Namcap is a tool for pacman checking binary packages and source PKGBUILDs for 
common packaging errors.


HOW CAN I HELP?
-----------------------------

There are several ways that you can contribute and help namcap's development. 
You can contribute with code, patches, tests, bugs and feature requests.

To report a bug or a feature request for namcap, file a bug in the 
Packages:Extra section of the Arch Linux bugtracker and the set the importance 
accordingly. If you're reporting a bug, please give concrete examples of 
packages where the problem occurs.

Minimal examples (very simple packages forged to exhibit unexpected
behaviour from namcap) are also welcome to extend namcap's test suite.
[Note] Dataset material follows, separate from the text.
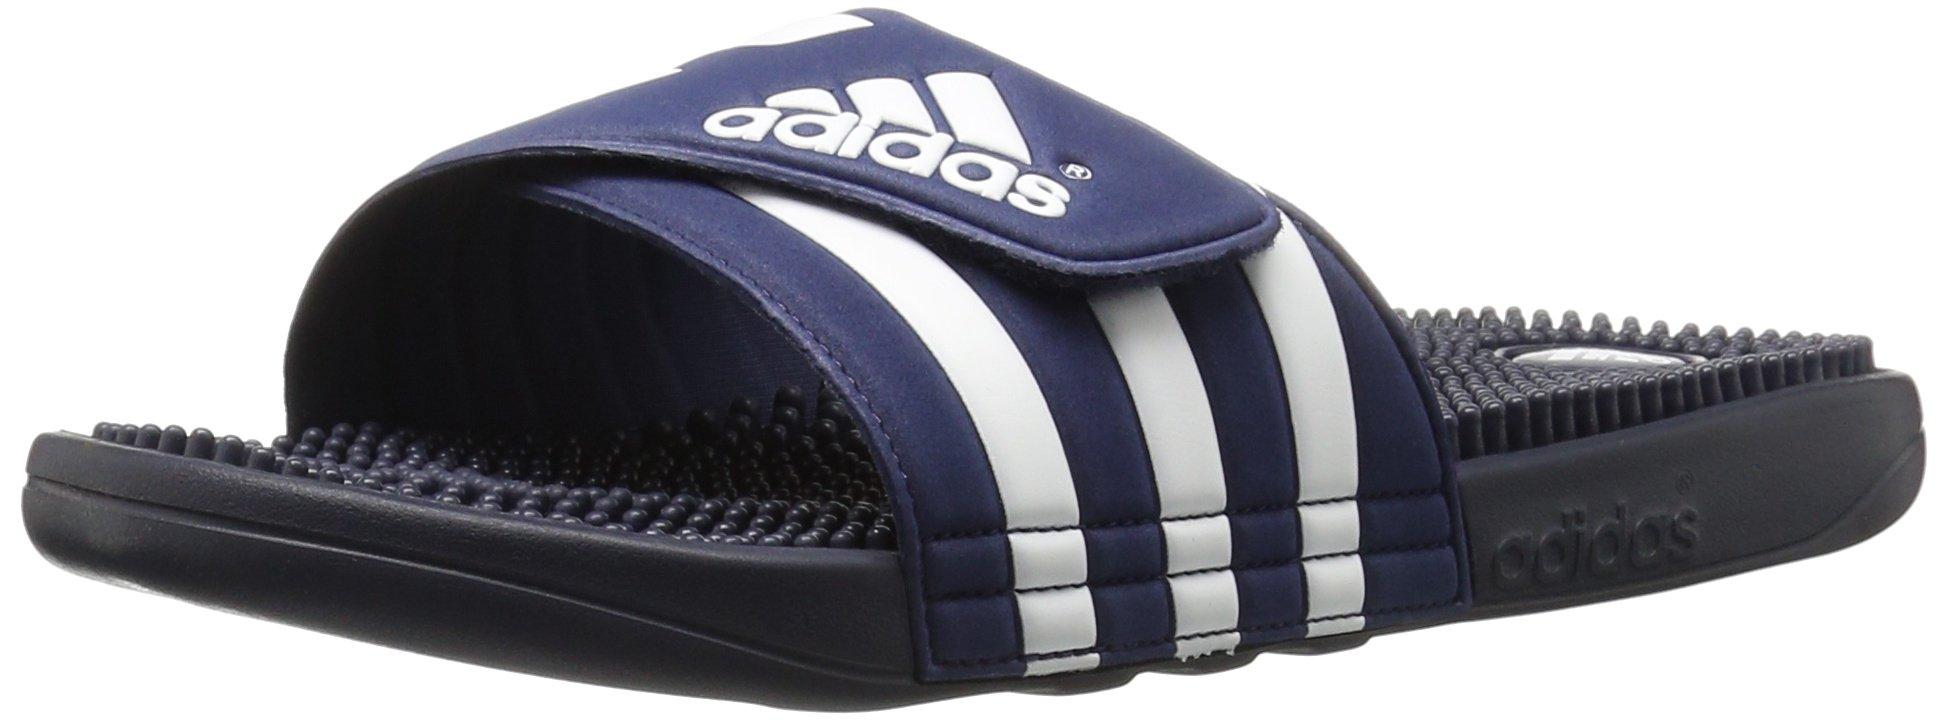 cdad828a75723b adidas Men s Adissage Sandal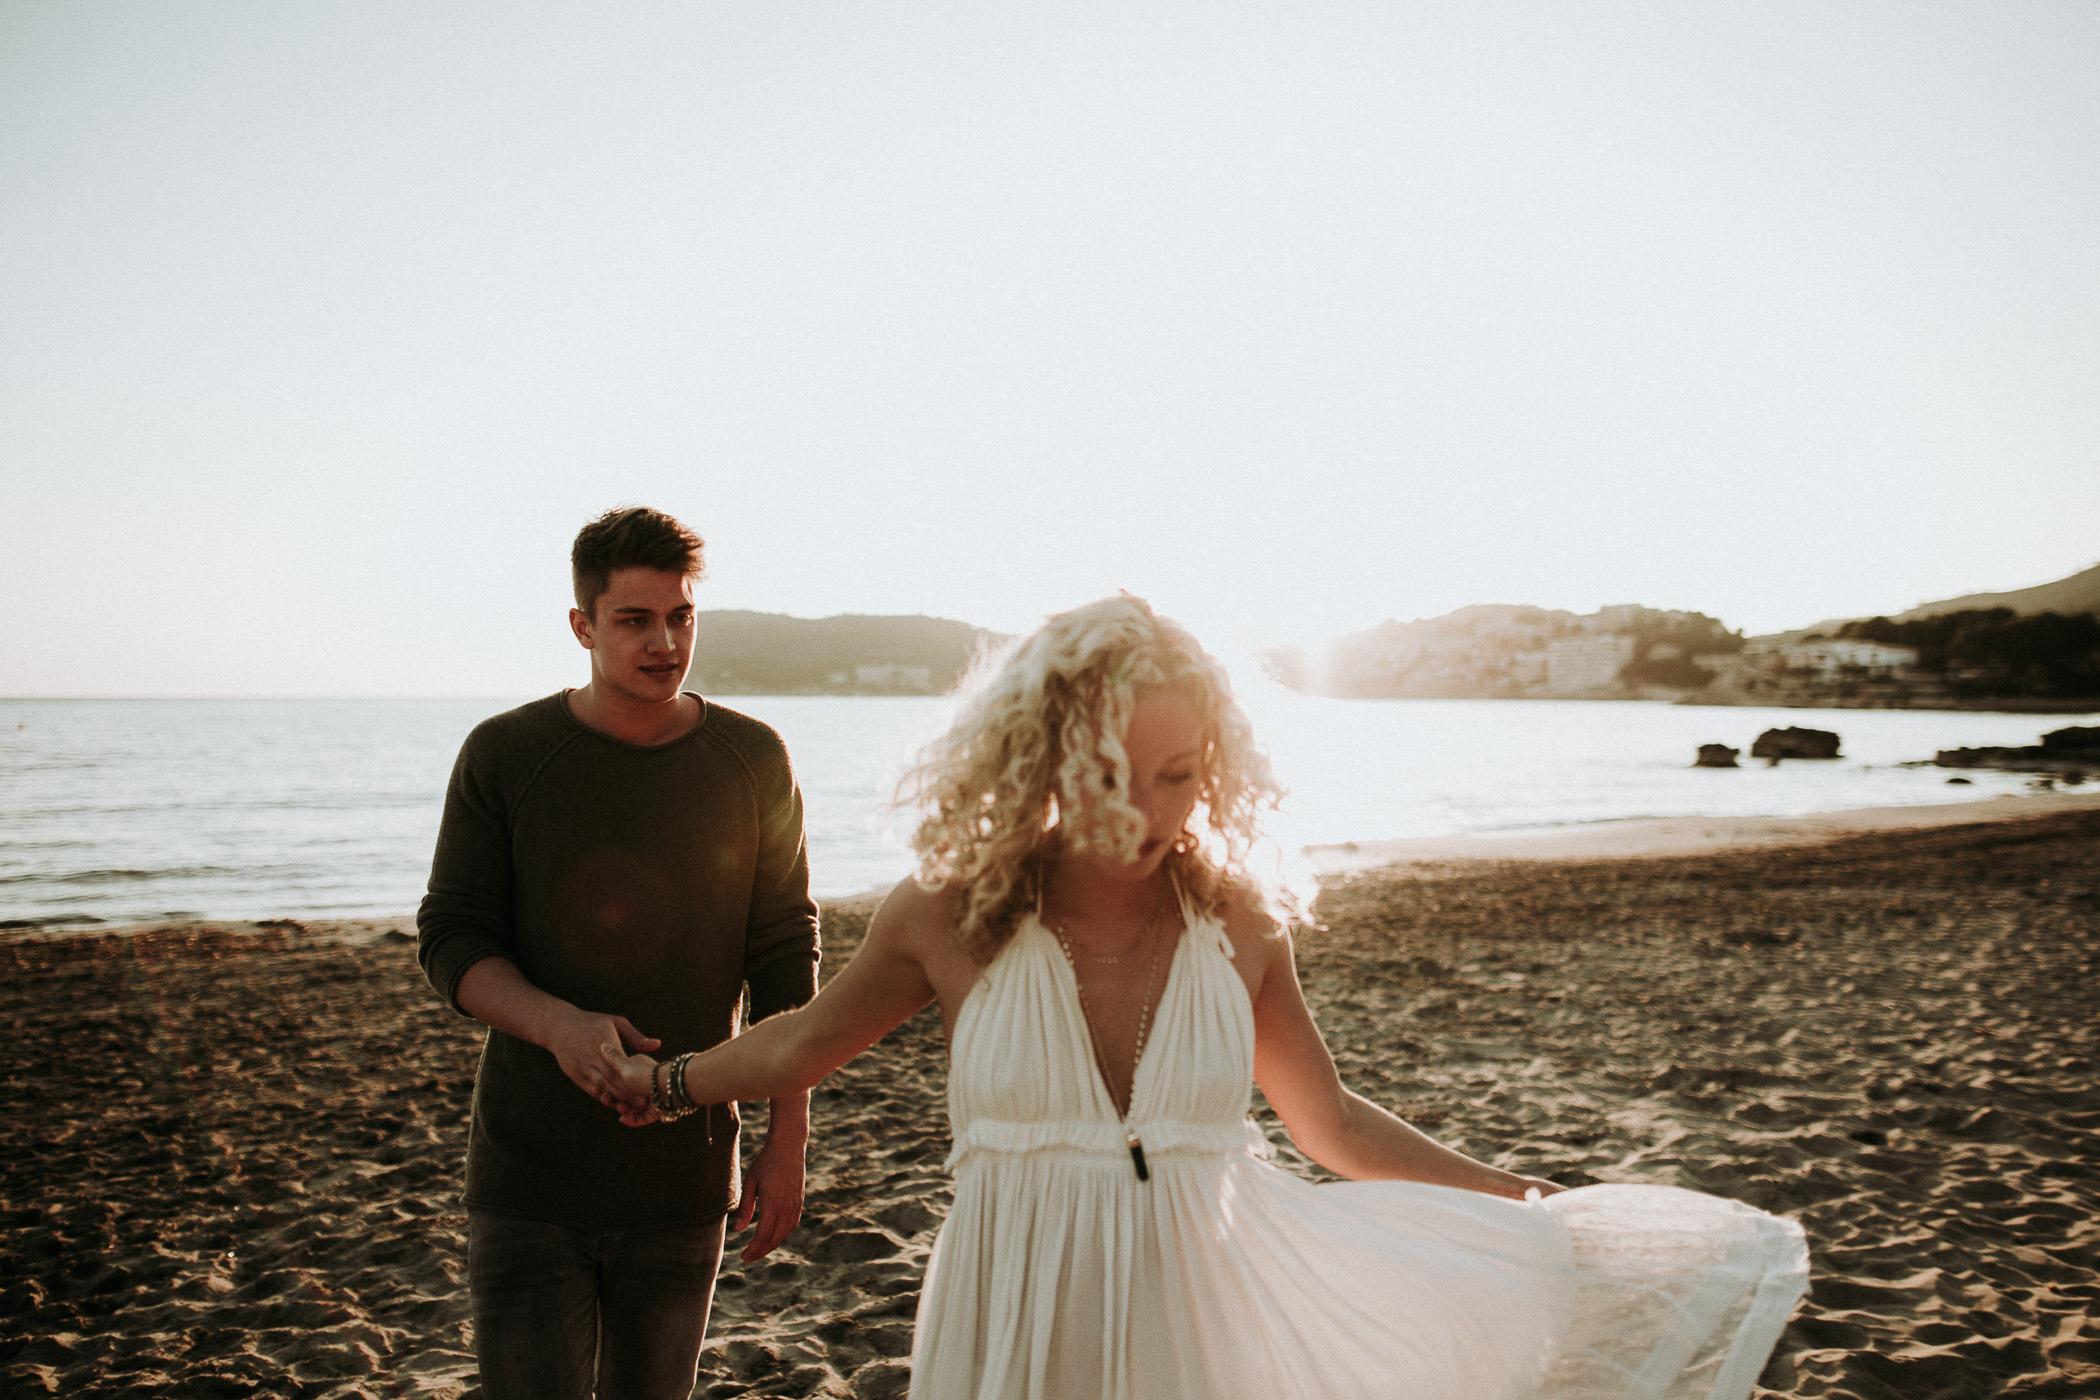 DanielaMarquardtPhotography_elopement_mallorca_spain_paguera_palma_charlyandbela_99

If you've a patch (fixing a bug or a new namcap module), then you can send it 
to the arch-projects mailing list. Namcap development is managed with git, so
git-formatted patches are preferred. 

Namcap's source is available on:

http://projects.archlinux.org/?p=namcap.git;a=summary


HOW TO USE
-----------------------------

To run namcap on a PKGBUILD or a binary pkg.tar.xz:

$ namcap FILENAME

If you want to see extra informational messages, then invoke namcap with 
the -i flag:

$ namcap -i FILENAME

You can also see the namcap(1) manual by typing man namcap at the command line 
or see the usage help:

$ namcap -h 


UNDERSTANDING THE OUTPUT
-----------------------------

Namcap uses a system of tags to classify the output. Currently, tags are of 
three types, errors (denoted by E), warnings (denoted by W) and informational 
(denoted by I). 

An error is important and should be fixed immediately; mostly they relate to 
insufficient security, missing licenses or permission problems.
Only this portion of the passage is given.